The Fight is as much about race as it is about boxing. Mailer is astute on the catastrophe that is Mobutu’s Zaire (it will get worse, Norm), but less convincing when he speculates on the effect of superstition and animist beliefs on the ordinary Africans he encounters, Africans whom, he thinks, inhabit a ‘fearful and magic zone between the living and the dead’.
On arriving in Kinshasa, and meeting the two fighters, Mailer is immediately troubled by the threat that Foreman, so strong and ruthless in the ring, poses to an ageing Ali. He fears that Ali will be seriously hurt, killed even, and in the days preceding the fight he visits Ali often to listen to the usual banter and boasts. One evening, he even goes running with the former champ. Later, back at his hotel and no longer breathless, Mailer is convinced that Ali cannot win. ‘Defeat was in the air.’ The dramatic set piece of the book is the fight itself. Mailer was ringside but, on his return to America, he says he spent ‘about 25 hours’ watching and studying how Ali had introduced his grand theme: reclining defensively on the ropes, he absorbed Foreman’s strength, forcing him to punch himself out in a series of futile onslaughts, before, astonishingly, in the eighth round, counter-attacking suddenly and decisively to reclaim the title that was taken from him when he refused to be drafted to fight in Vietnam.

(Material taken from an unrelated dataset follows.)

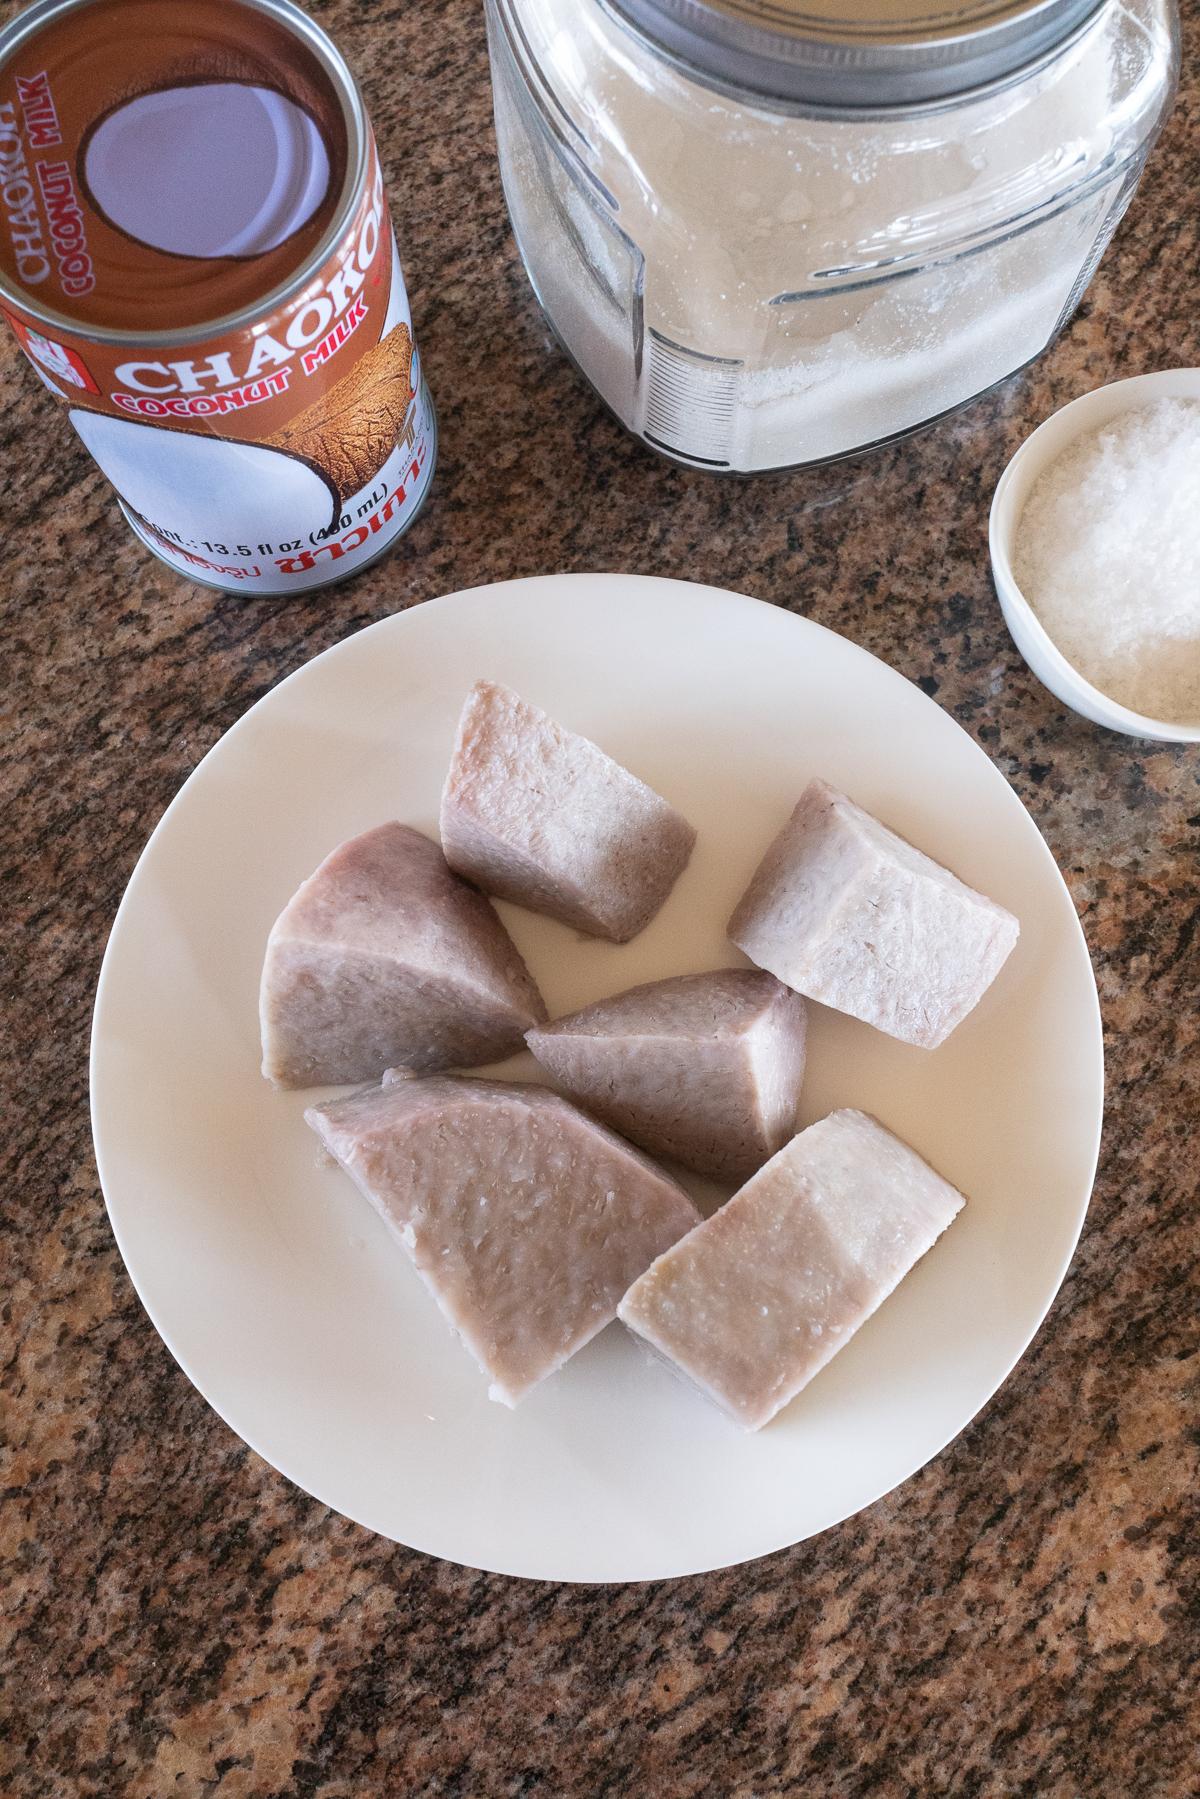 Ingredients for Taro with Coconut Milk: par-cooked taro, coconut milk, sugar, and salt

‘I remember I got a movie of that fight and I studied that movie, studied it by the hour,’ Mailer said later. ‘It’s just as if you were to take five pages of Finnegan s Wake and skim it quickly, that’s analogous to what you get watching a fight once. There might be all the excitement of reading it for the first time but you don’t begin to know what the five pages say, you have to study them and study them and study them. And boxers at that standard are working at so many high levels, psychologically, physically, intellectually and also in terms of the emotions, confidence and fear that you really have to study it over and over again, looking through to see which stuff you’re on - physical, mental - and so forth. That’s how those tales come in, there’s a lot of work to it, it’s like putting a mosaic together.’
The Fight has the complexity of a mosaic as well as a wonderful simplicity. A lot of work and considerable talent disguise the artistry of a book that can be read, quickly, as a dramatic first-hand account of one of the greatest of all sporting events of last century, and then again, more slowly, for the detail and acuity of its psychological insights and for the forceful fluency of its rhetorical, endlessly inventive style.